I strongly believe in image making as a collaborative process. The days of the photographer being some kind of omnipotent being have long gone (thankfully). So when I’m on a shoot the most important thing to me is that everyone involved either in front of or behind the camera feels like they have agency to be able to be their most creative selves. I think this approach fosters a sense of community on a set. Also many of the folks involved already knew each other - I was lucky to enter existing communities - all I had to do was hold the camera. There is pain and joy in us all, I think I found that connection with the people I photographed.
More generally, how does photographing other people change the way you see yourself; what kind of self-reflection does it invoke?
Before I started taking my own pictures I’d generally seen photographs as simply images of the subject albeit with a certain style invoked by the photographer. Now I tend to see all photography as, to some extent, self portraiture. I also relate to what Joan Didion said about writing - that she did it to find out what she thought about things. I often take pictures instinctively and then on closer study later I understand a bit more about what drove that instinct and what my feelings really are.
Do you have a favourite photograph within the zine or, if not, perhaps a favourite shoot day? Why is or was it your favourite?
I would find it impossible to pick a single image but I would say that the first chapter in the book Studies in Folklore felt the most at home I’ve ever felt on a shoot. I have the producer Rody Oliveira to thank for that, along with the stylist Rafaela Pinah, they pulled together a cast of their friends and we shot in the most spectacularly beautiful location imaginable, a nature reserve near Rody’s home in Barra De Guaratiba, to the south of Rio’s centre. Rafaela was teaching me about Walter Firmo so it became a very educational experience for me. The three models Beatriz, Cristian and Bruno were so inspiring and brilliant. The shoot was free and creative and a lot of fun, it was a dream for me to shoot like this, I’ll never forget that day.
Björk provided lyrics from her song Wanderlust for the introduction to the zine. Why this song in particular? What does Wanderlust (the song or word) mean to you and your work?
The lines from Wanderlust encapsulate how I’ve lived for the past few years, trying to avoid comfort zones and to be fearless about embracing new situations.

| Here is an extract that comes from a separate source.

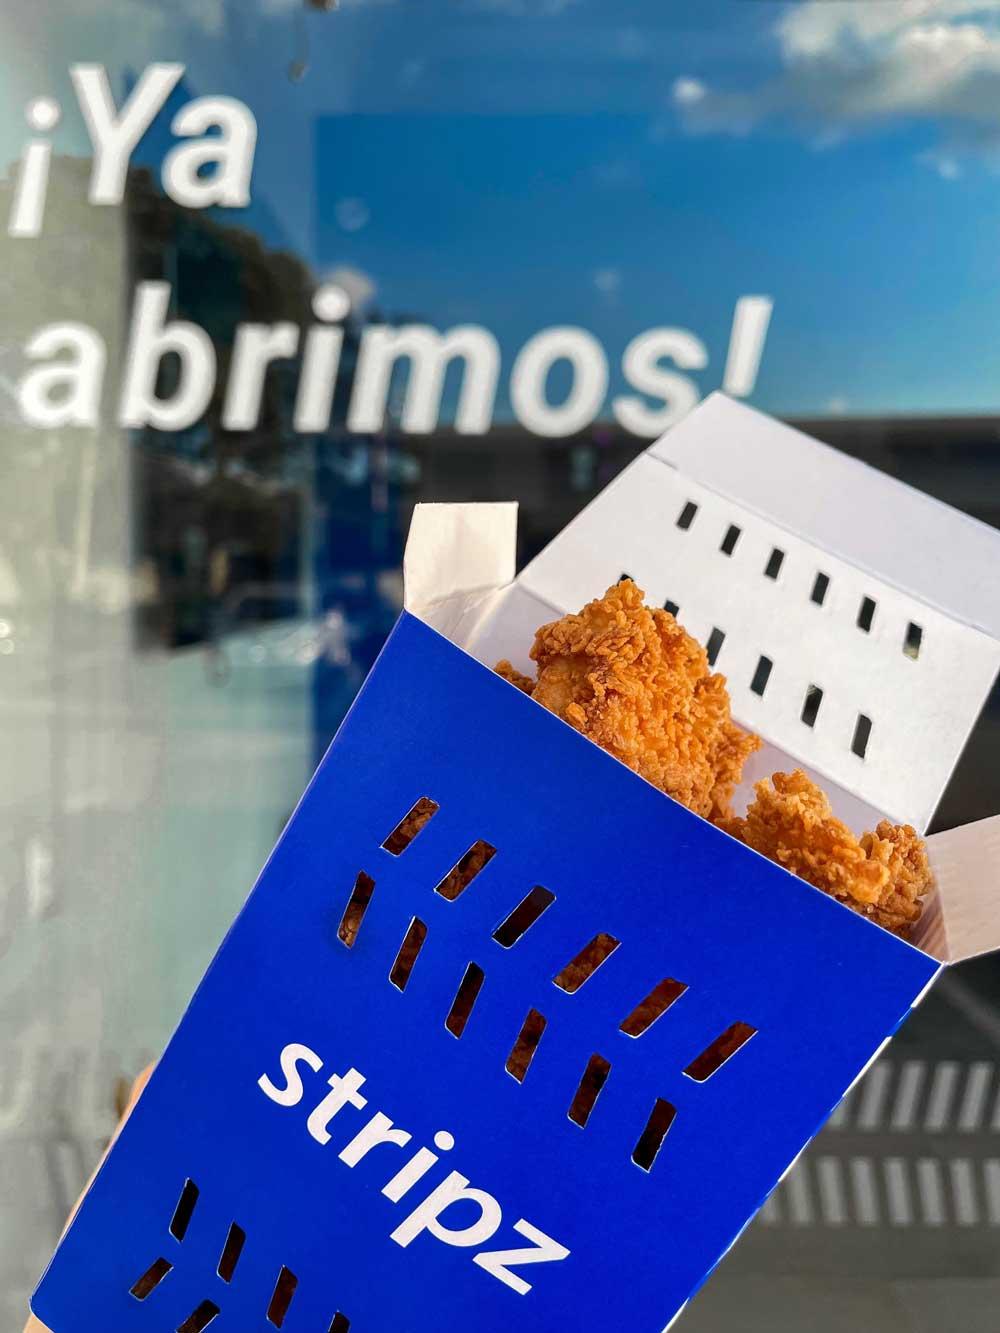 En su nuevo local, los visitantes encontrarán los afamados Stripz de pollo, sus crujientes papas fritas y extraordinarias salsas, y también dos propuestas nuevas.

It works quite literally - as someone who loves to travel - and metaphorically - about life in general. Björk’s words set the tone for the book far better than I ever could.
Do you have plans to travel anywhere new soon with your camera?
No, I’m London now and will likely be here a while. I’m hoping to make two more books to follow this, one on Japan and one shot across Africa. The idea is to have a city, a country and a continent. I‘ve shot these already. Next I’d love to do more studio work, that’s the immediate goal.